Flow Measurements in a Liquid Metal Model for Continuous Casting of Steel
Dennis Schurmann, eMail: email@example.com
LIMMCAST stands for LIquid Metal Model for Continous CASTing of Steel. Three different LIMMCAST facilities exist: LIMMCAST, Mini-LIMMCAST and X-LIMMCAST. While LIMMCAST is operated with SnBi at approx. 200°C, the Mini-LIMMCAST is operated with GaInSn at room temperature. The Mini-LIMMCAST facility can be seen in the following picture.
Ultrasound Doppler Velocimetry (UDV)
The Ultrasound Doppler Velocimetry (UDV) offers a non-invasive method to measure the velocity distribution in an opaque liquid metal like GaInSn. A number of ultrasound pulses are sent repeatedly by a transducer. When no pulses are sent the transducer receives the echo signal, reflected by moving particles in the fluid. The velocity component along the ultrasound propagation line is computed via a correlation analysis of two consecutive echo signals. Therefore it is possible to record one velocity component (1c) along a the propagation line (1d). This procedure is repeated several times to receive the velocities at different times. Several transducers, aligned parallel to each other in an array, can be polled sequentially to measure the velocity distribution in two dimensions (2d).

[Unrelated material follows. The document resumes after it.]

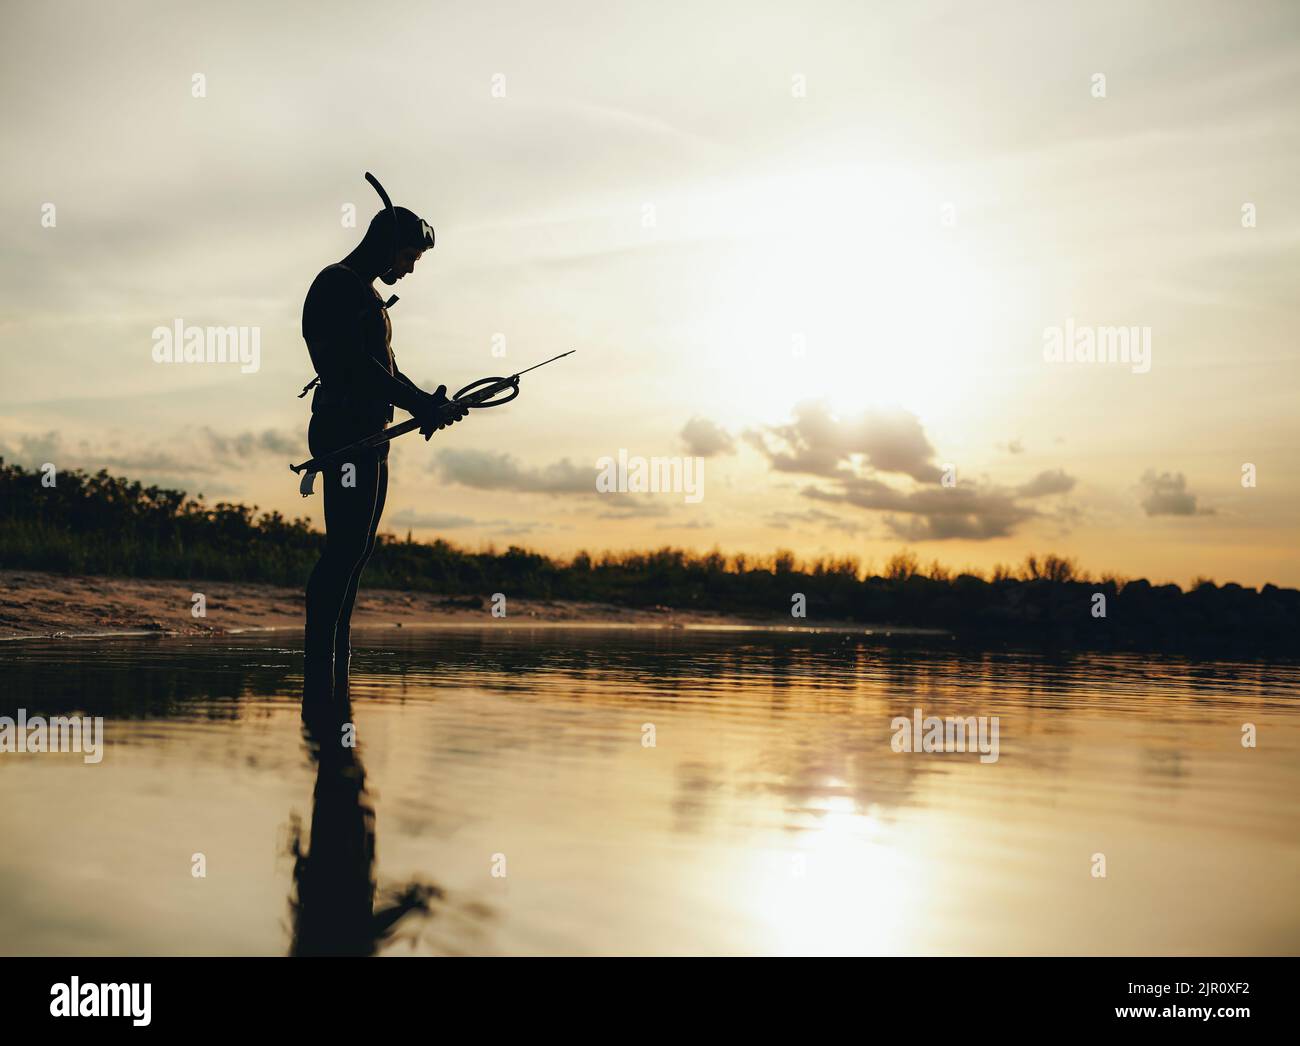 Seitenansicht des Speerfischers, der seine Speerpistole kontrolliert, während er im Meerwasser steht. Abenteuerlicher junger Mann, der bei Sonnenuntergang Speerfischen geht. Stockfoto

We operate a DOP 3010 (Signal Processing SA, Switzerland) with up to ten individual ultrasound transducers or a high resolution academic system to perform UDV to get the velocity distribution (1c-2d) inside our continuous casting model mold. By moving the array of transducers a bigger area in the mold can be covered. Due to the sequential measurement at different positions, in this case only the time average velocities can be evaluated together.
In the following picture the velocity distribution along the complete height of the mold is shown in the 3d-model of the setup. Six individual measurements have been combined to create the contour plot of the time average velocities. The line diagrams on the poster represent a cut through the contourplot at x = 0.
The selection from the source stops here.